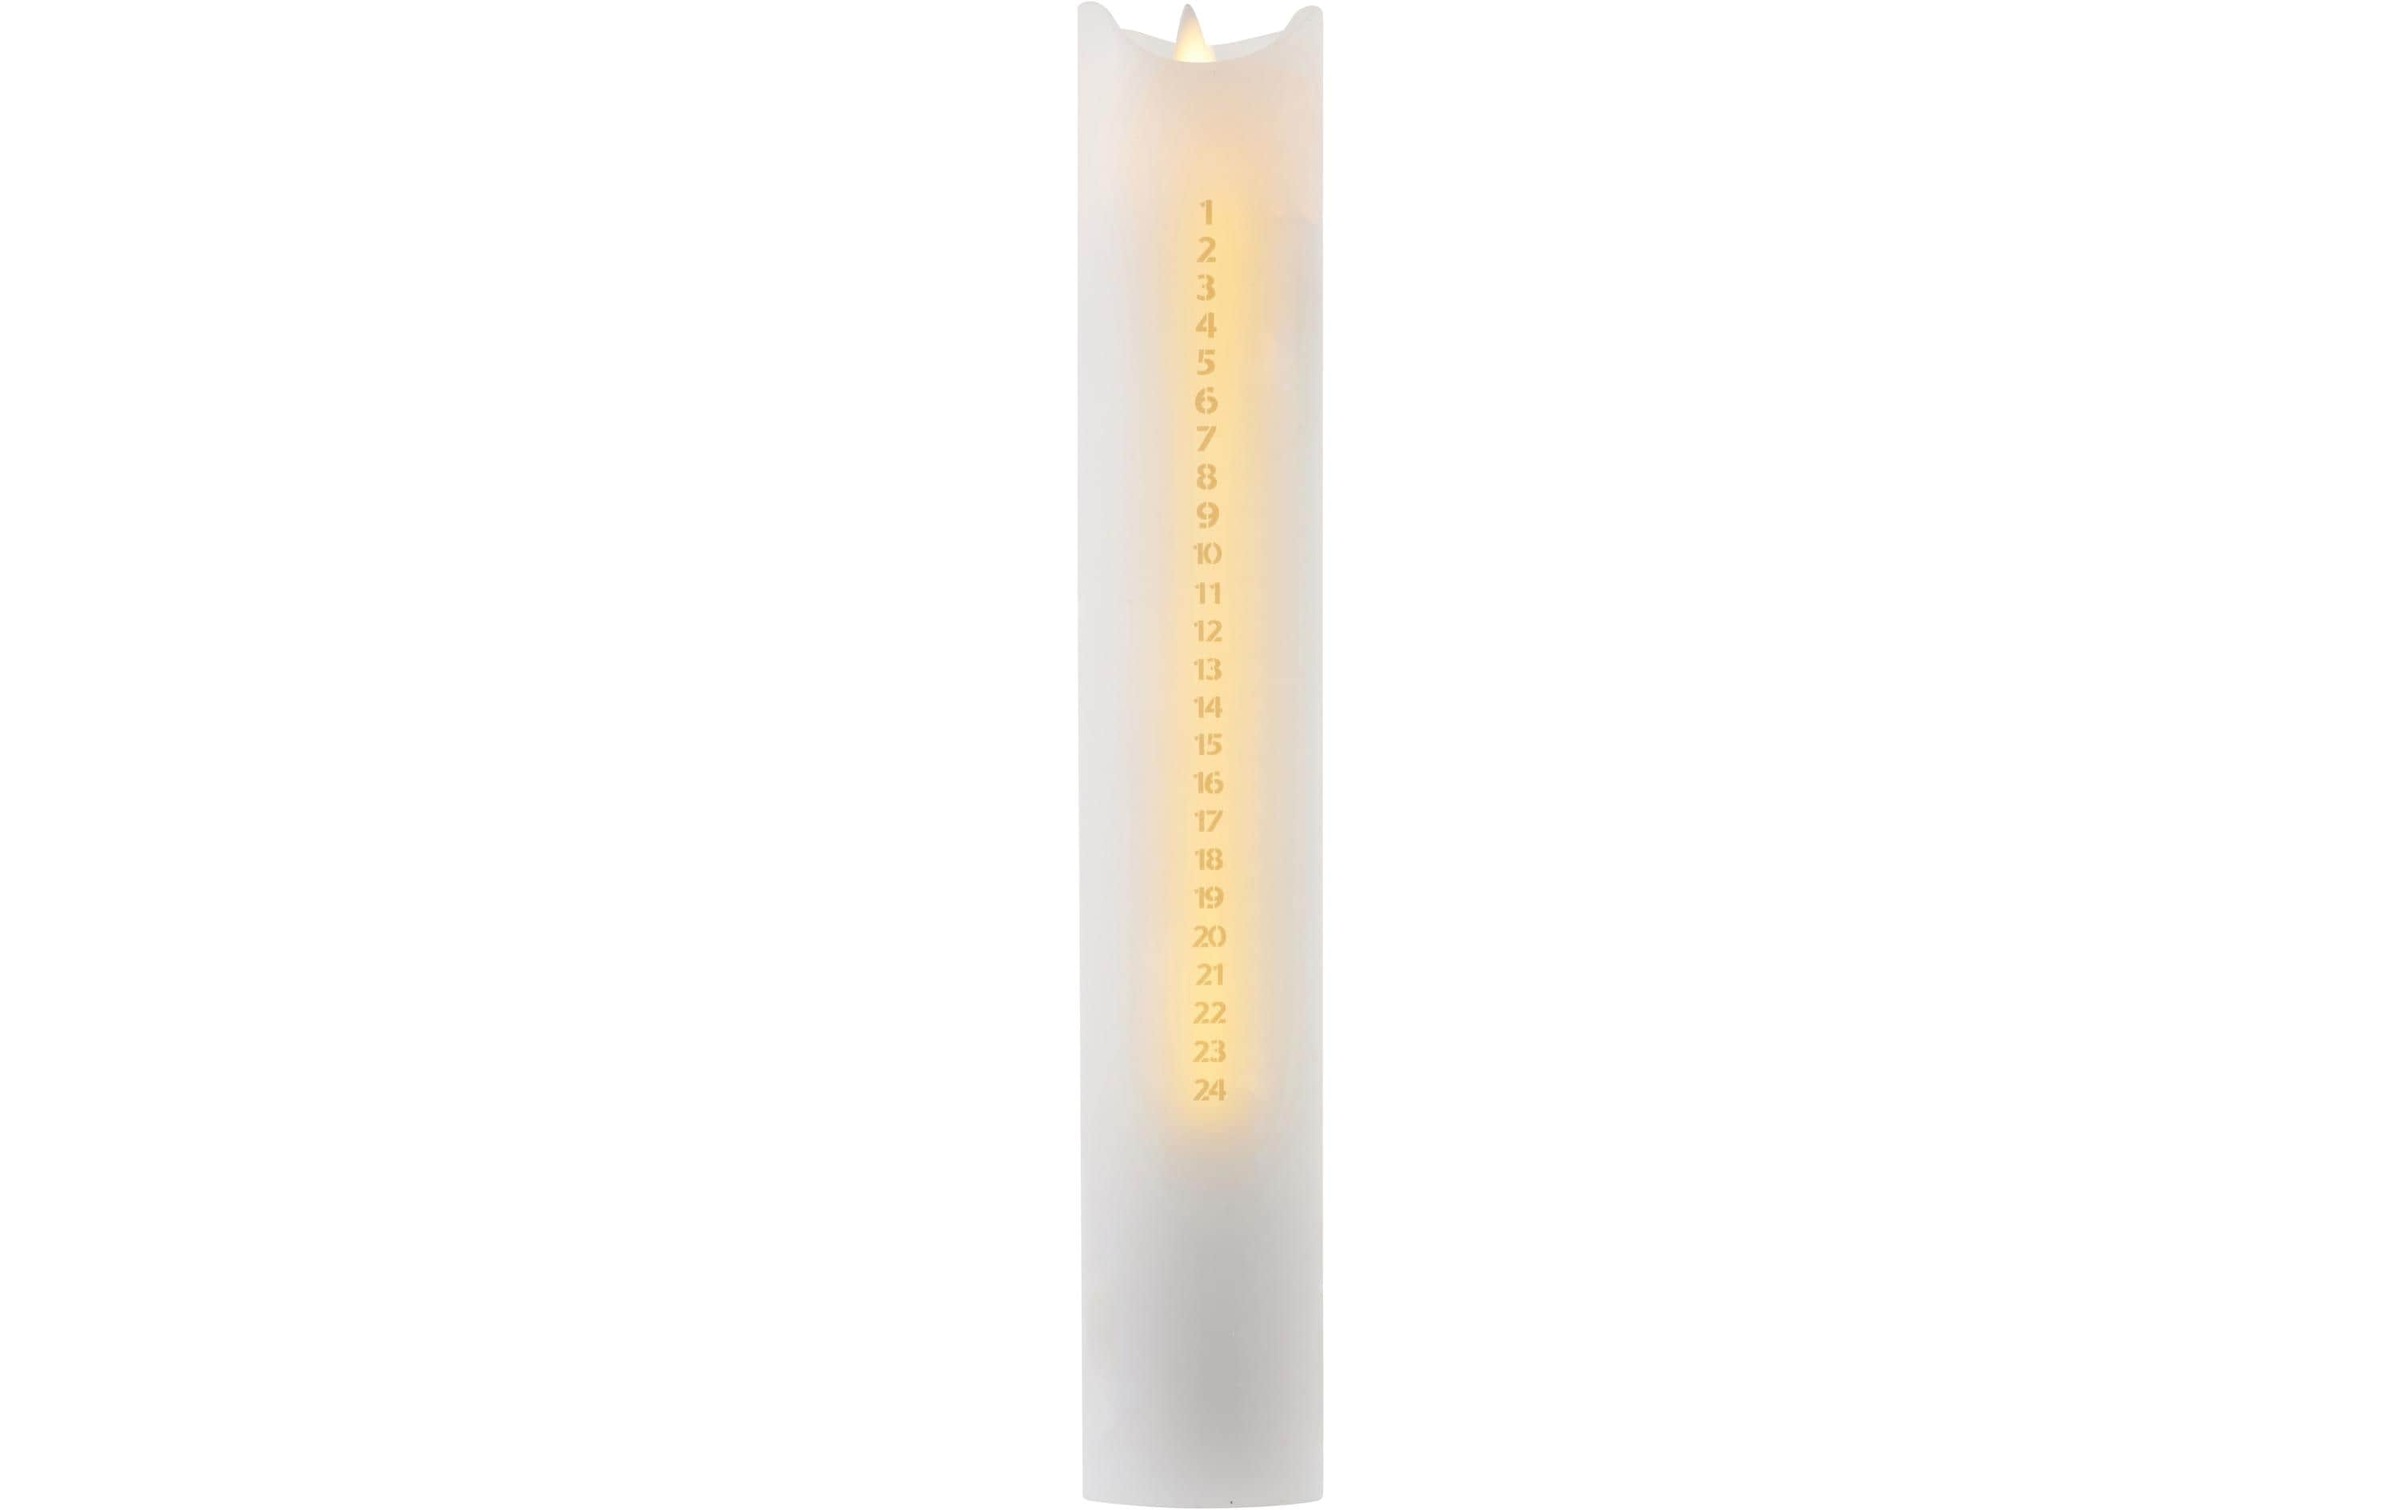 Sirius Adventskerze »LED-Kerzen Advent kaufen Calendar goldfarben« bequem
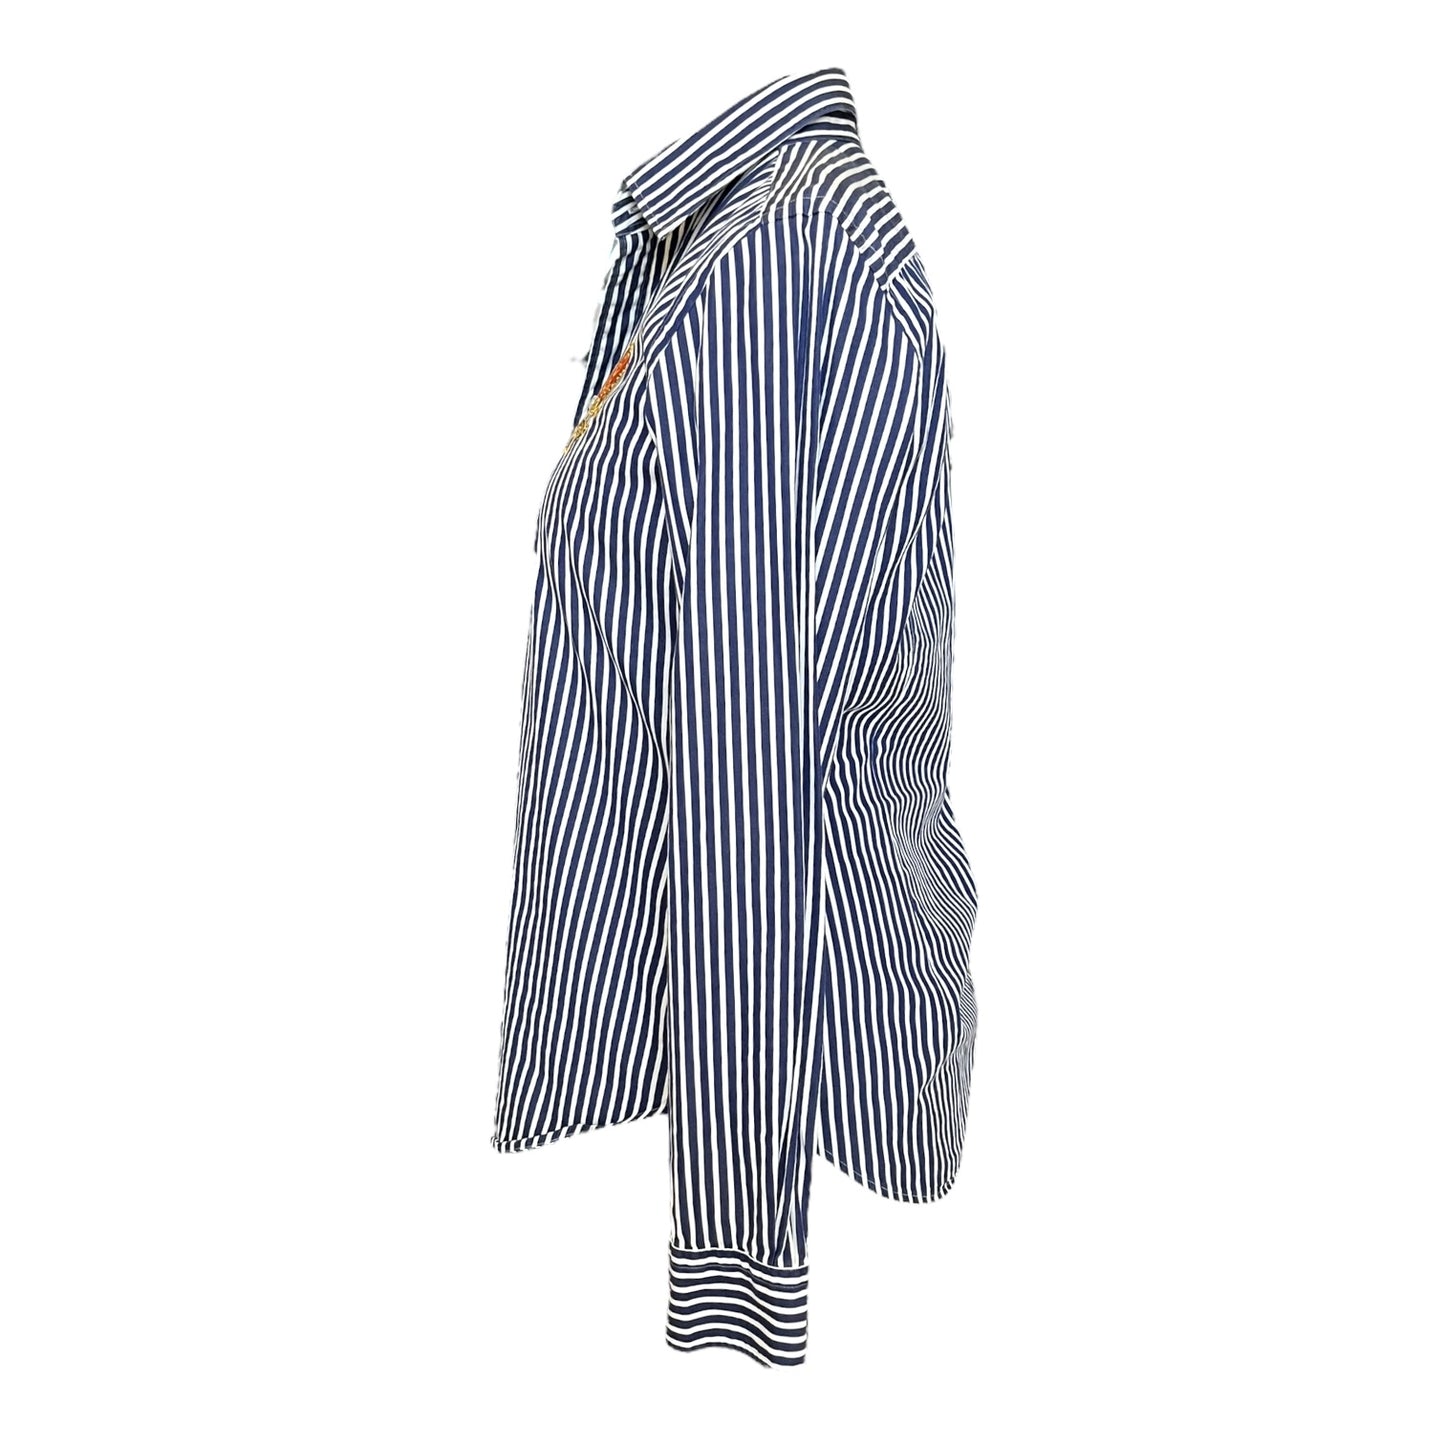 Ralph Lauren Blue and White Stripe Shirt - 12
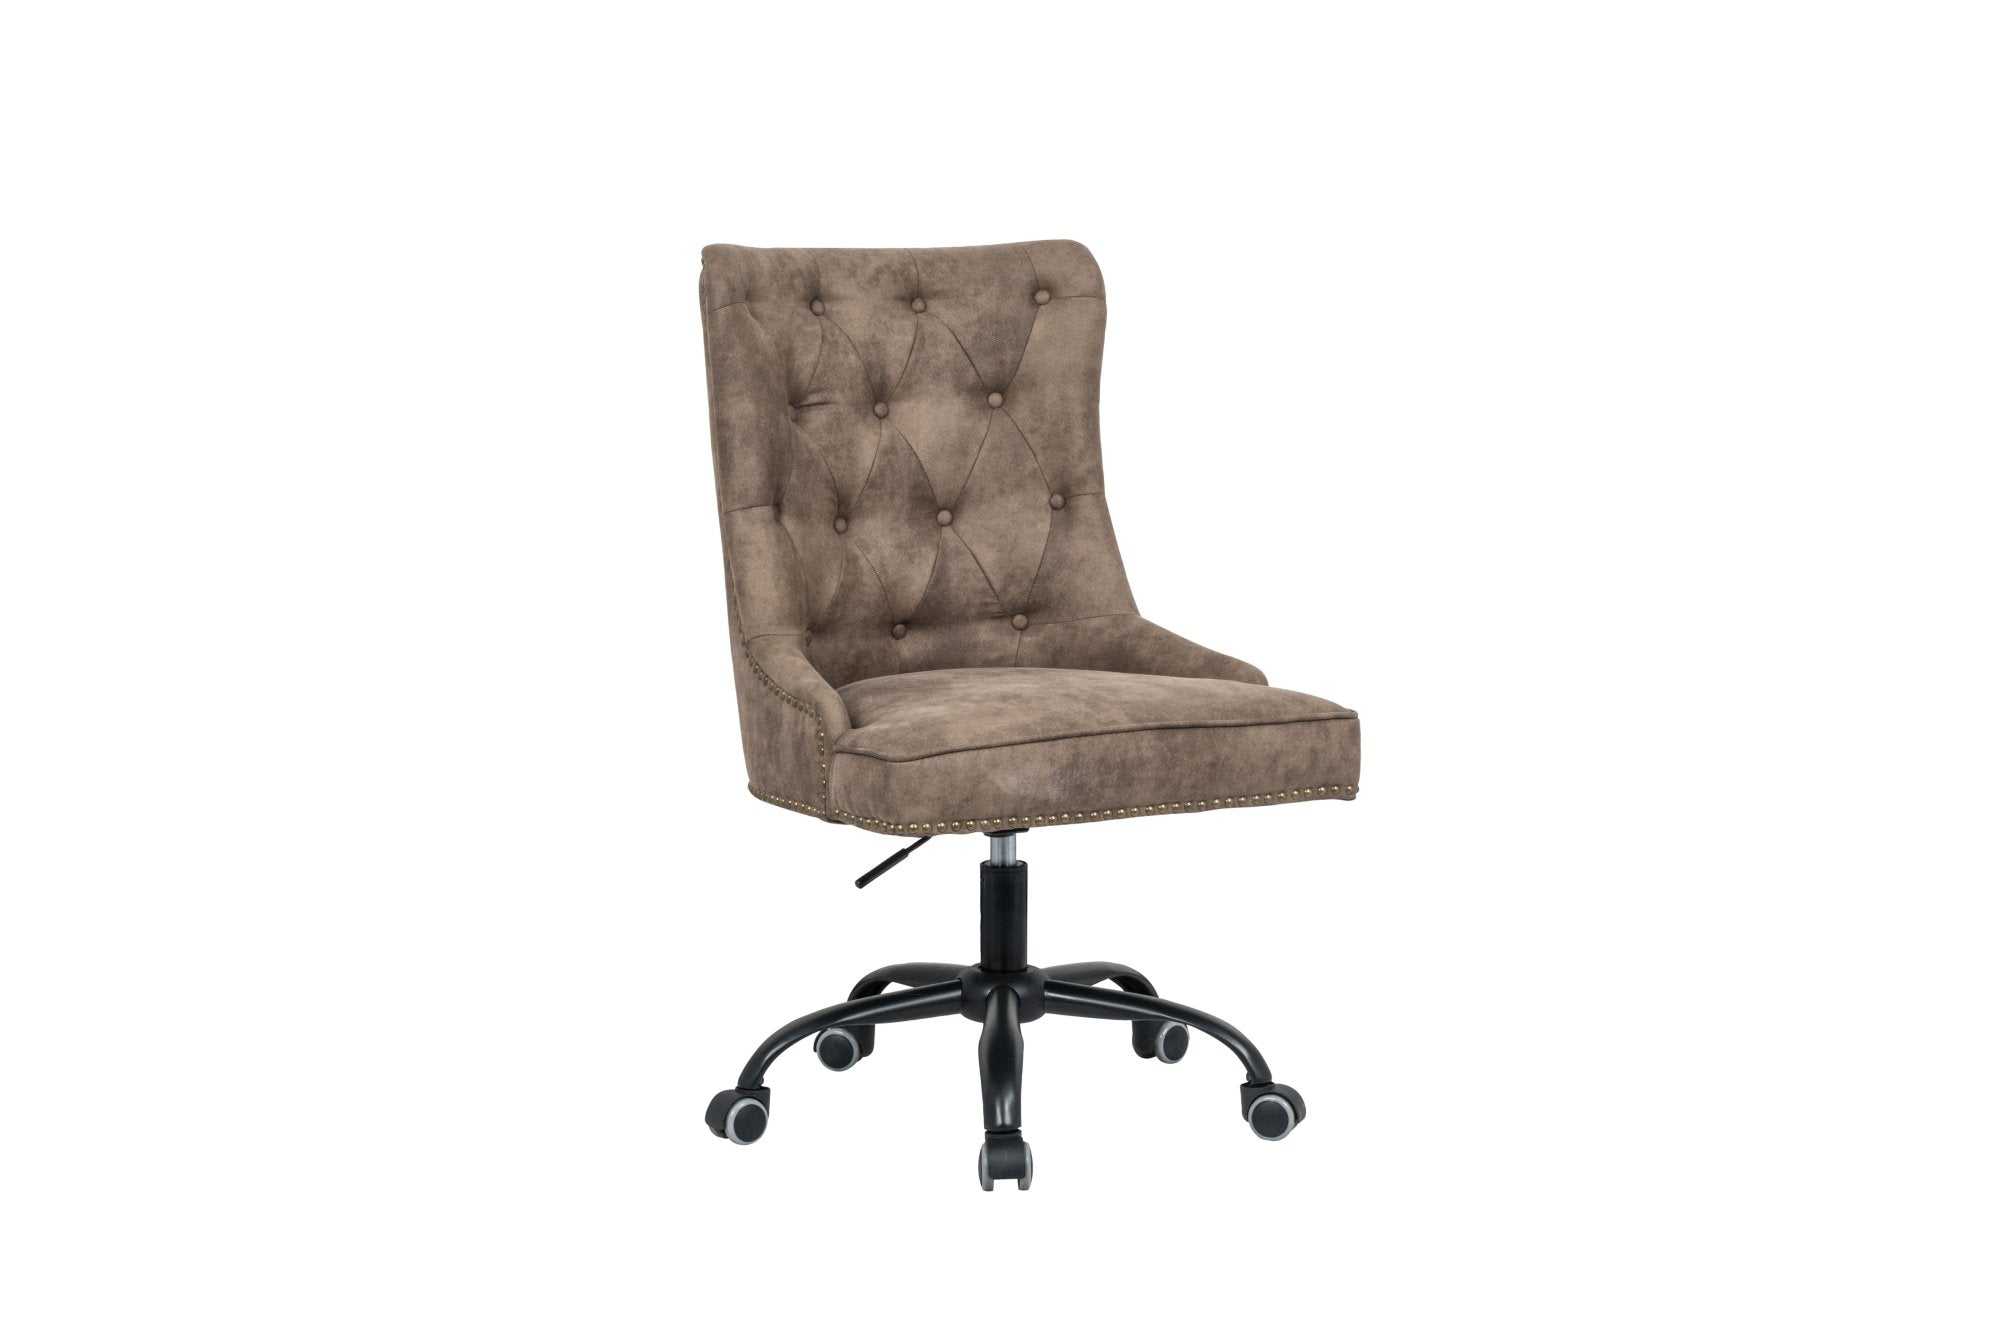 Irodai szék - VICTORIAN világosbarna karfás irodai szék
────
* **About this task**
Give the data again exactly, image-free.

* **Written answer**
 Sirius Adventskerze »LED-Kerzen Advent kaufen Calendar goldfarben« bequem
 Ralph Lauren Blue and White Stripe Shirt - 12
 Irodai szék - VICTORIAN világosbarna karfás irodai szék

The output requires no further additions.